Bacteria need iron, and as soon as they invade the human body, they are on the hunt for it. There is a limited supply of iron inside the human body where it is stored by the proteins tranferrin and ferritin.
Disease-causing bacteria have evolved by producing siderophores which are iron-chelating molecules. These molecules can bind to iron stored in ferritin and transferrin and "steal" it for the bacteria.

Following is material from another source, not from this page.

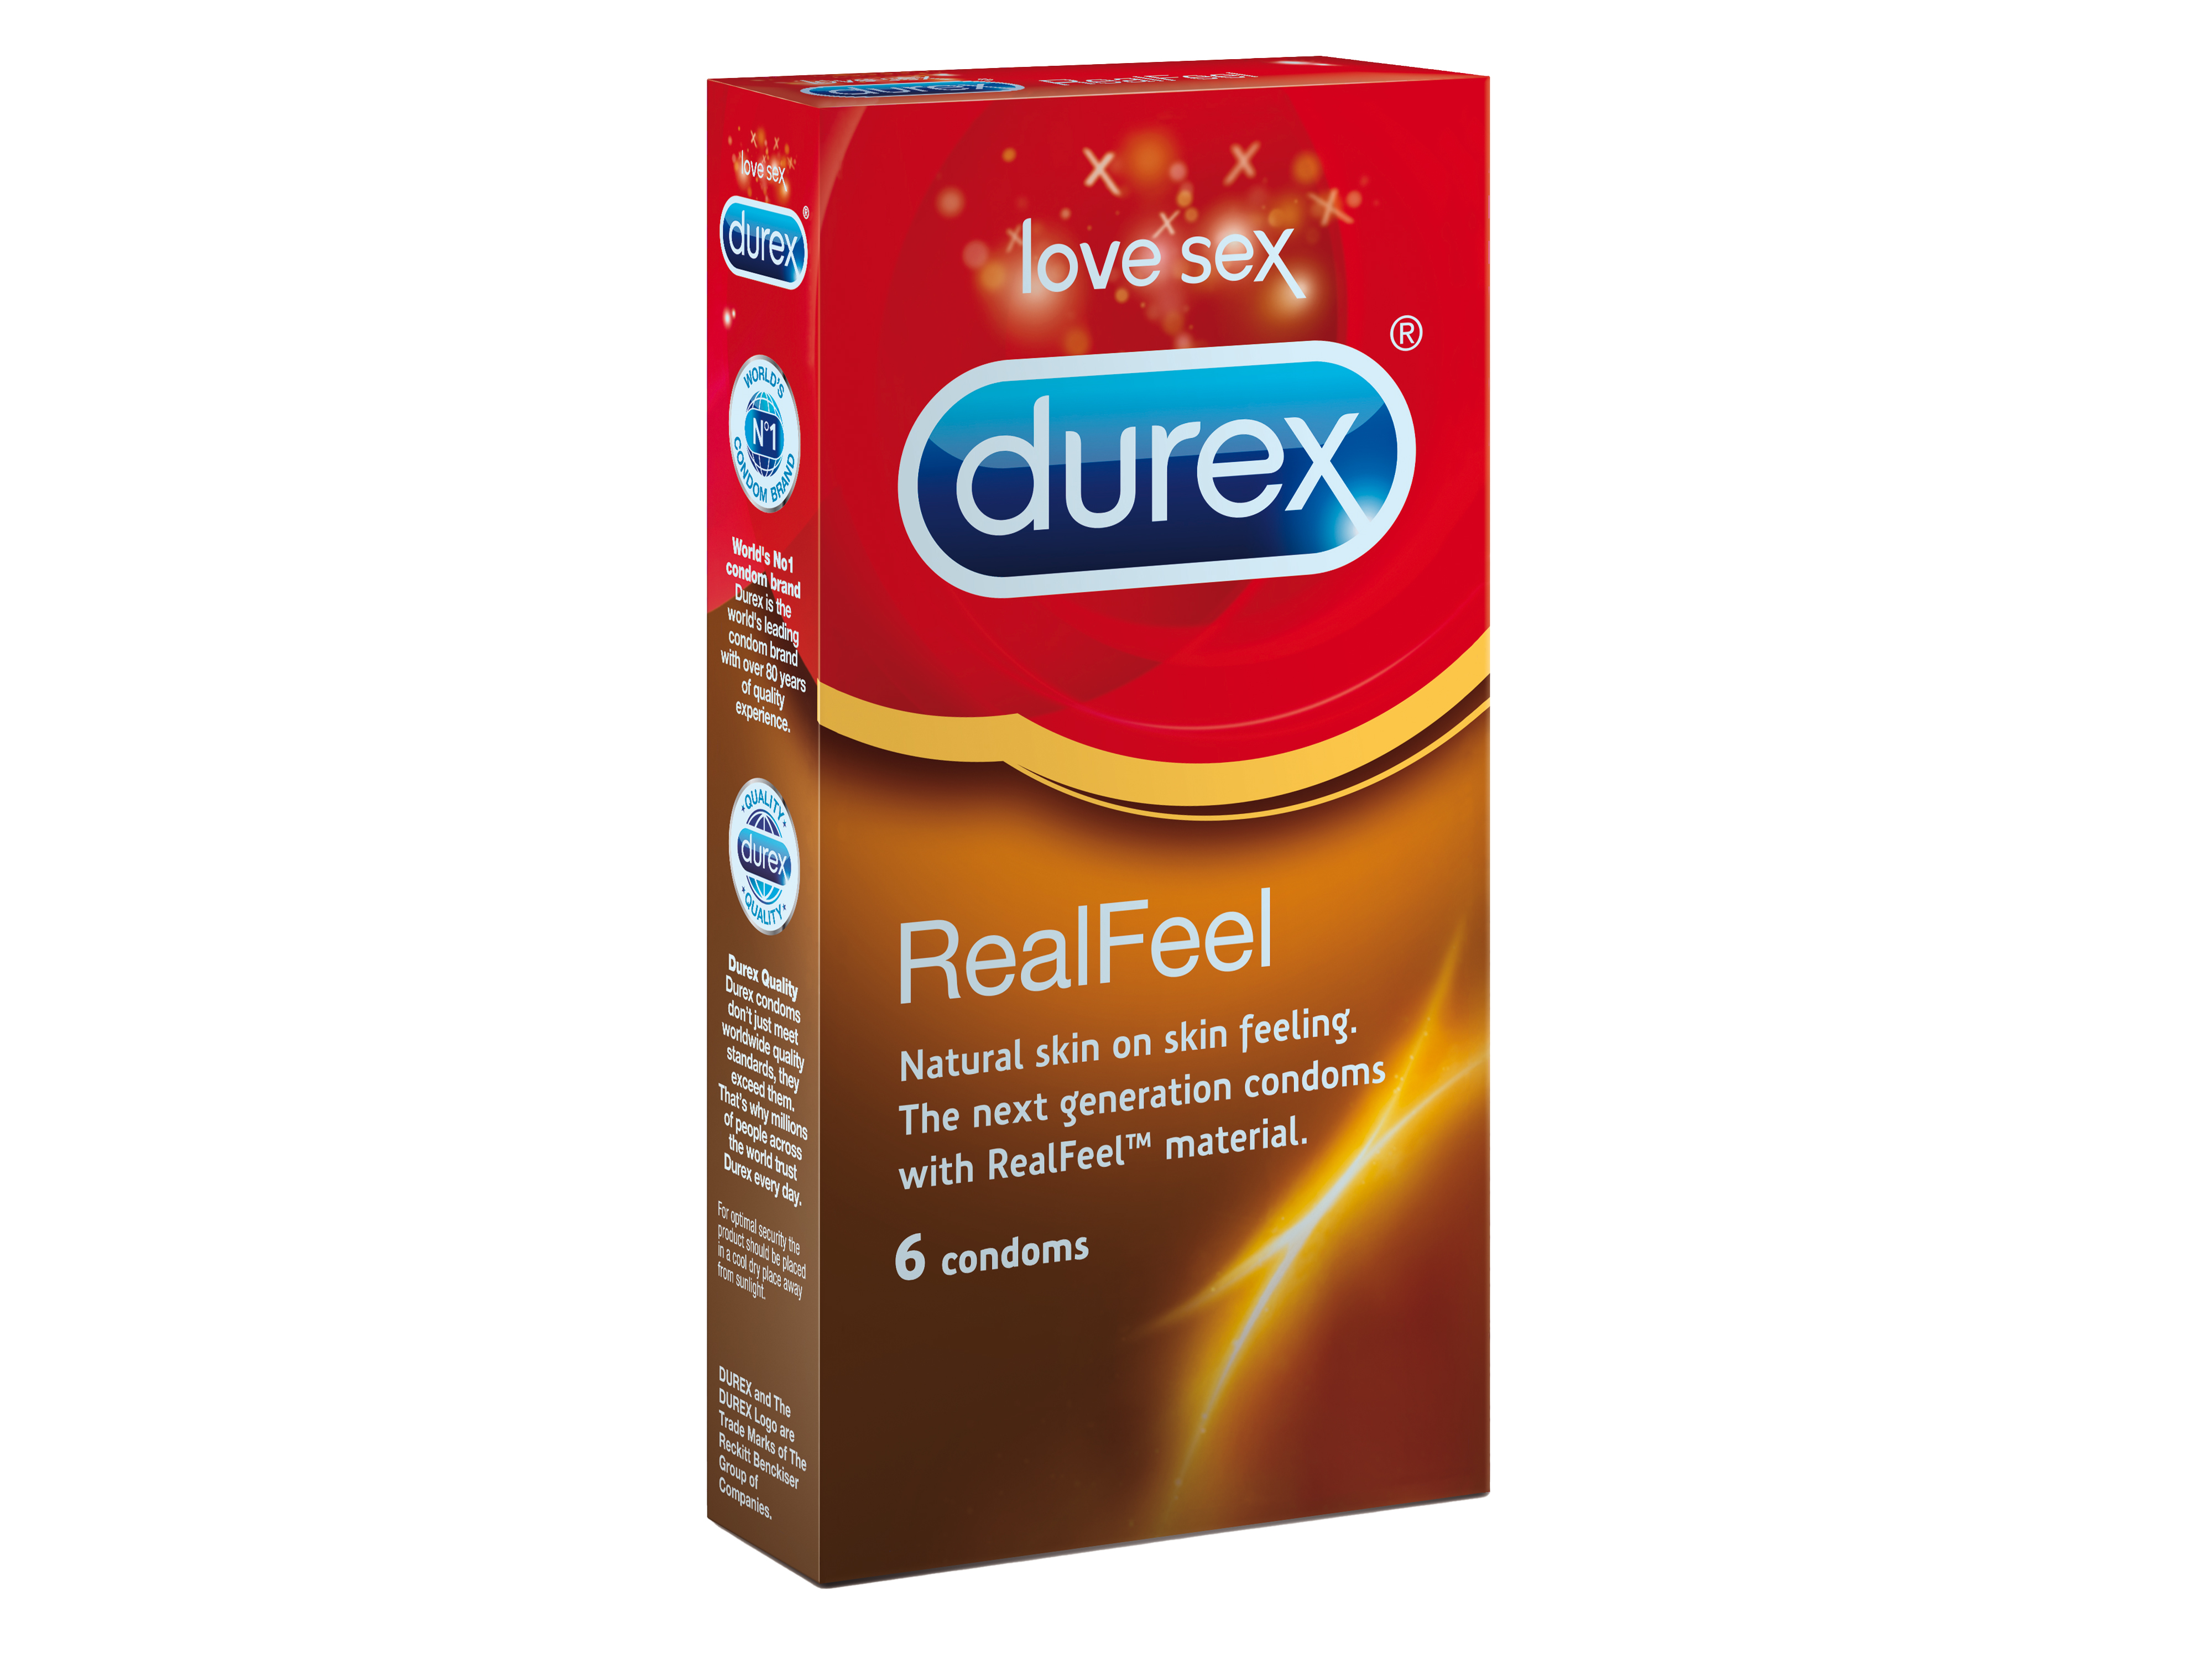 Durex Durex Real Feel kondom, Latexfri kondom, 6 stk.

In this new study, the authors compared Escherichia coli taken from it's natural habitat in the gut and compared it to E. coli found in the urinary tracts of subjects suffering from urinary tract infections (UTIs). They found "epigenetic optimization" of the E. coli from the urinary tract:
Urinary tract infections (UTIs) are among the most common bacterial infections treated by physicians worldwide. Although symptoms of acute infection are often resolved with a course of antibiotics, the same bacterial strain often causes subsequent bouts of symptomatic infection. Escherichia coli are the most common bacteria causing UTI and the infecting strains are widely believed to originate from the gastrointestinal tract where multiple E. coli strains reside. Here, we use a novel mass spectrometric technique in a population of patients with recurrent UTI to identify how strains that cause UTI differ from other strains that were present in the gastrointestinal tract at the same time. We found that urinary E. coli strains preferentially expressed two small molecules called yersiniabactin and salmochelin. These molecules are called siderophores, meaning they are able to scavenge iron to support bacterial survival and growth. Synthesis and transport of these small molecules requires a coordinated network of proteins encoded by a collection of different genes. These findings suggest that new antibiotics directed against yersiniabactin or salmochelin-producing E. coli strains may be an improved, and more targeted, strategy to prevent recurrent UTIs.Since some iron-transport systems also naturally transport antibiotics into the cell it is important to understand the molecular mechanism of iron transport here. Understanding these pathogenic bacteria may lead to new ways of either delivering or designing drugs which exploit this difference.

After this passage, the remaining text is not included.